3. Always Call die() After a Redirect
PHP's header("Location: ...") sets a redirect response, but it does not stop the script from running. An attacker using a tool like curl or a custom browser can simply ignore the redirect header and read all the output that follows.
// WRONG — code below this line still executes
header("Location: https://yoursite.com");
// CORRECT — execution stops immediately
header("Location: https://yoursite.com");
die();
This is one of the most commonly forgotten PHP security details. Always pair every redirect with a die().

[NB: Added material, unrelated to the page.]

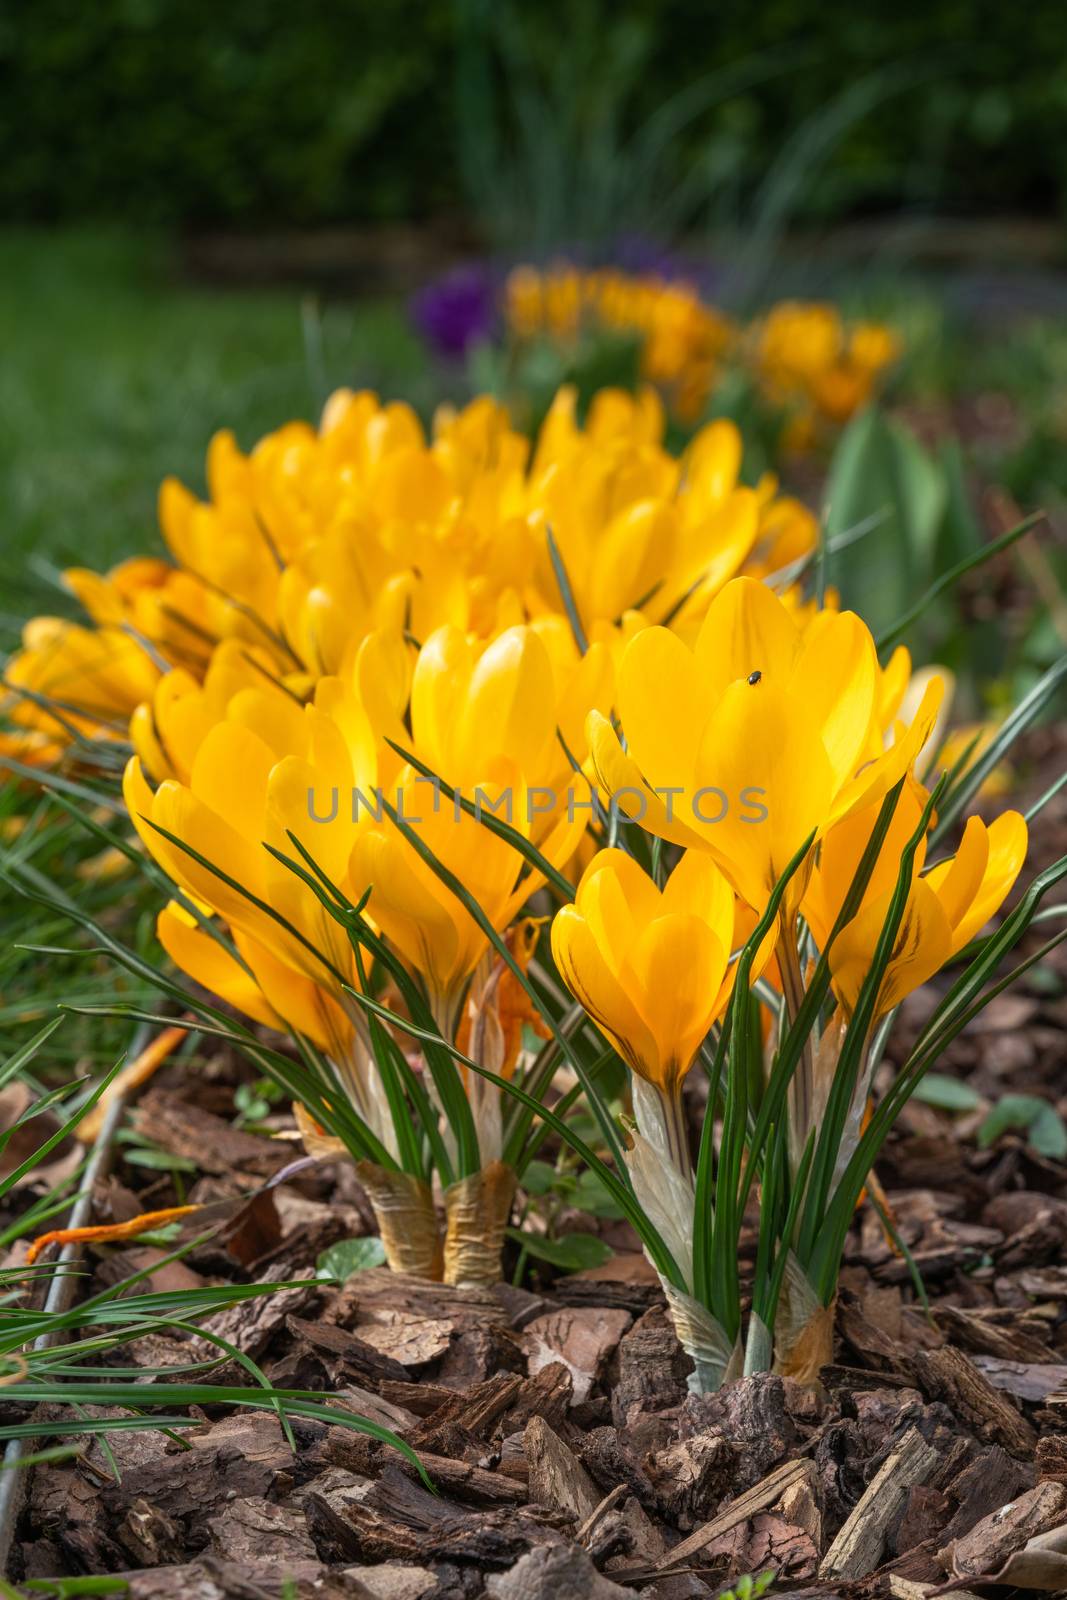 Crocus, flowers of the spring by alfotokunst

4. Also Block Non-POST Requests
For extra hardening, reject any request that doesn't arrive via POST. Someone visiting the URL directly in a browser sends a GET request — this extra check stops them before the CSRF validation even runs.
if (
!isset($_POST['csrf']) ||
$_POST['csrf'] !== $_SESSION['csrf'] ||
$_SERVER['REQUEST_METHOD'] !== 'POST'
) {
header("Location: https://yoursite.com");
die();
}
Case sensitivity: PHP constants like 'POST' are uppercase. Writing 'post' or 'Post' will silently fail the check. The same goes for superglobal keys — $_POST, $_SESSION, and $_SERVER are all uppercase.

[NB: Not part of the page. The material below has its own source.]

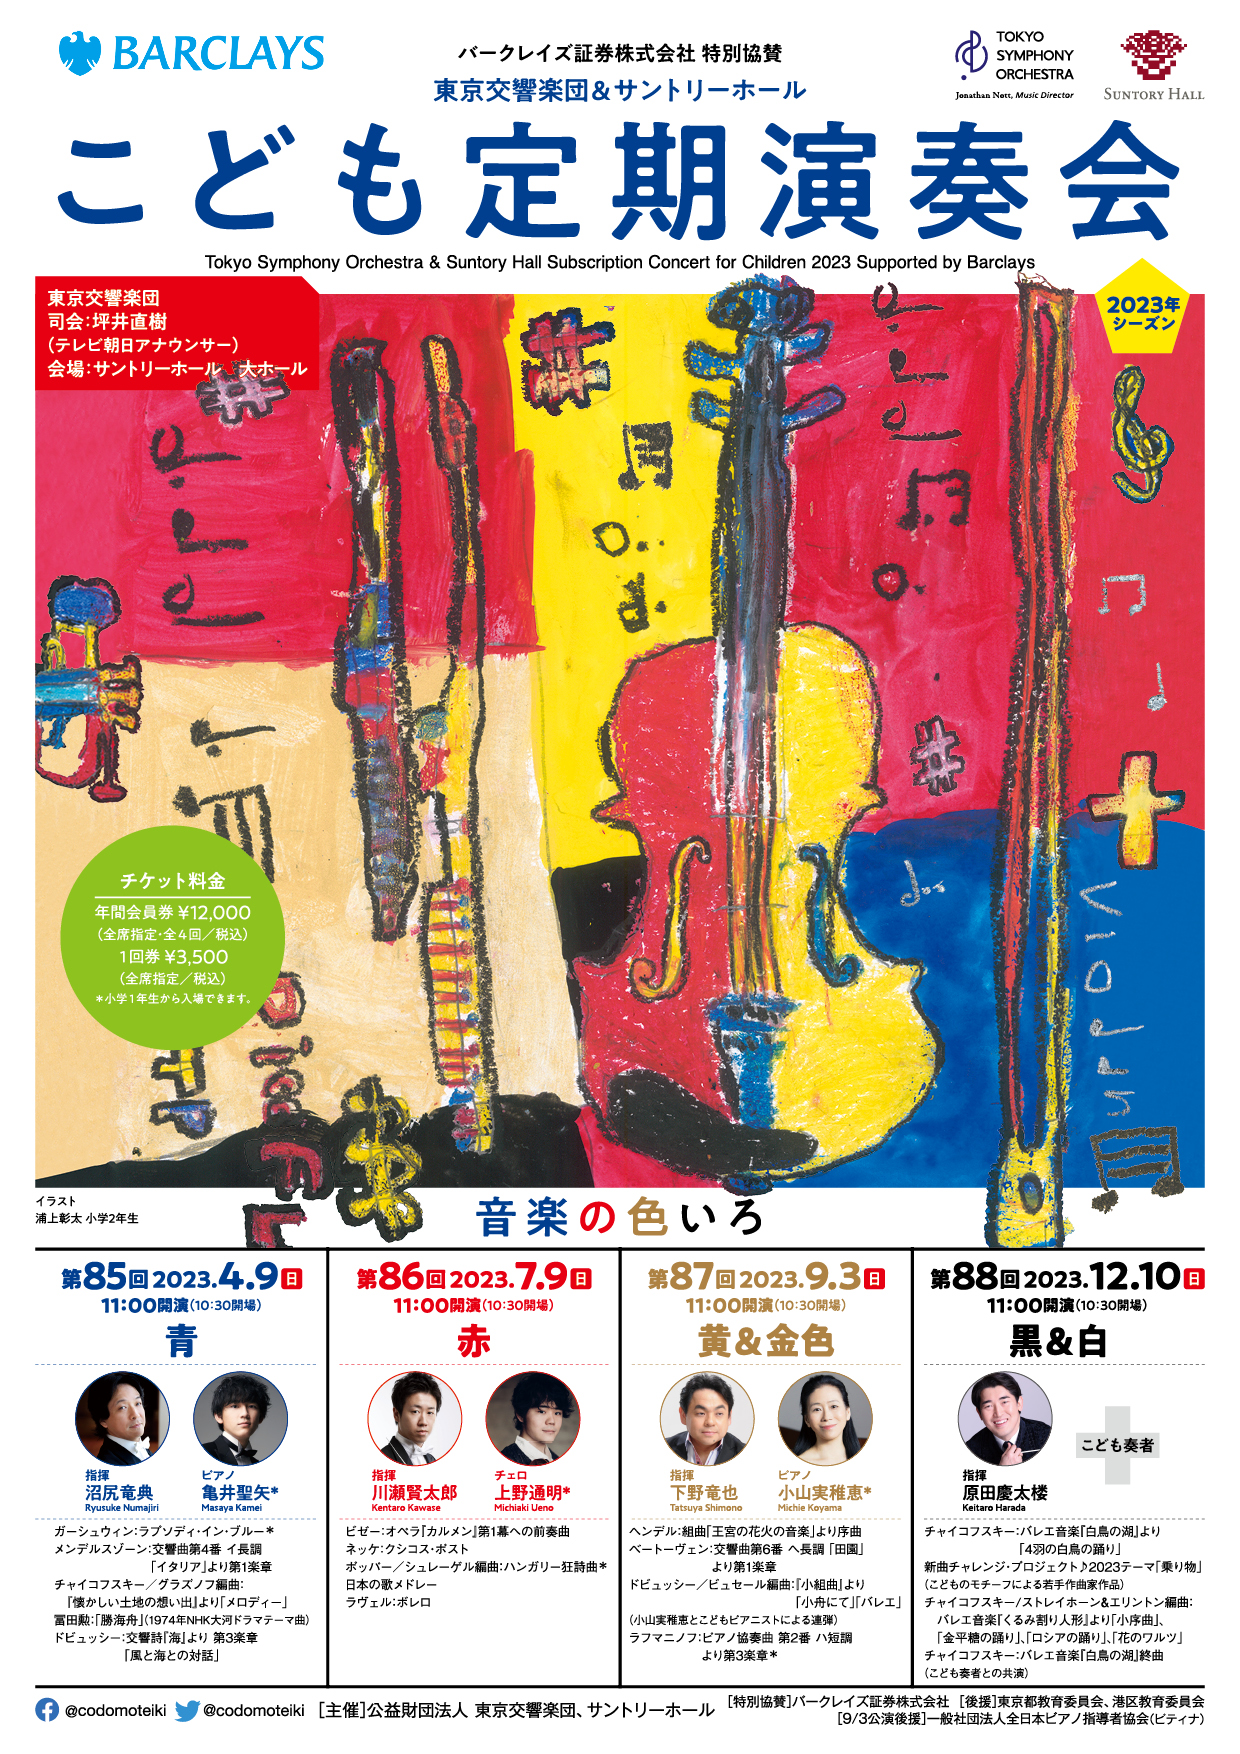 東京シティフィルハーモニック管弦楽団 第75回ティアラこうとう定期演奏会

5. Rate-Limit Requests with a Session Counter
Even with CSRF protection, a logged-in user — or an attacker who has stolen a valid session — can replay the same Ajax request thousands of times. This is a form of denial-of-service (DoS). A session-based counter lets you cap how many times a single session can call the endpoint.
// After CSRF validation passes:
if (!isset($_SESSION['dos_count'])) {
$_SESSION['dos_count'] = 0;
}
if ($_SESSION['dos_count'] >= 3) {
die('Too many requests. Please wait.');
}
// Increment the counter for each successful call
$_SESSION['dos_count']++;
// ... serve your data here ...
You can extend this with a time-based reset — store a timestamp in the session alongside the counter, then reset the counter once a certain number of seconds has elapsed:
$now = time();
if (!isset($_SESSION['dos_time'])) {
$_SESSION['dos_time'] = $now;
}
// Reset after 60 seconds
if ($now - $_SESSION['dos_time'] > 60) {
$_SESSION['dos_count'] = 0;
$_SESSION['dos_time'] = $now;
}
Note on scope: Session-based rate limiting only protects against a single session flooding the endpoint. For protection against distributed attacks (DDoS), you need server-level solutions such as a WAF, Cloudflare, or nginx rate limiting — those are outside the scope of PHP alone.
Putting It All Together
Here is a complete, annotated data.php that implements every layer described above:
// data.php — fully hardened Ajax endpoint
session_start(); // must be first line
// 1. Reject if not a POST request
// 2. Reject if CSRF token missing or mismatched
if (
$_SERVER['REQUEST_METHOD'] !== 'POST' ||
!isset($_POST['csrf']) ||
$_POST['csrf'] !== $_SESSION['csrf']
) {
header("Location: https://yoursite.com");
die(); // always kill after redirect
}
// 3. Rate limiting
if (!isset($_SESSION['dos_count'])) {
$_SESSION['dos_count'] = 0;
}
if ($_SESSION['dos_count'] >= 3) {
die('Request limit reached.');
}
$_SESSION['dos_count']++;
// 4. Your actual data logic goes here
echo "Hello, " . htmlspecialchars($_POST['name']);
Quick Checklist
- 1Start every protected PHP file withsession_start()on the first line.
- 2Use PHP sessions for auth — not cookies.
- 3Generate a per-page CSRF token withrandom_bytes()and store it in the session.
- 4Send that token via Ajax usingPOST(neverGET).
- 5In the PHP endpoint, verify the token matches the session value.
- 6Always calldie()immediately afterheader("Location: ...").
- 7Reject any request whose method is notPOST.
- 8Add a session counter to rate-limit repeated calls.
In this tutorial iam talking about PHP direct access, CSRF "Cross site request forgery" , Redirect Bug and DOS "Denial of service" attacks.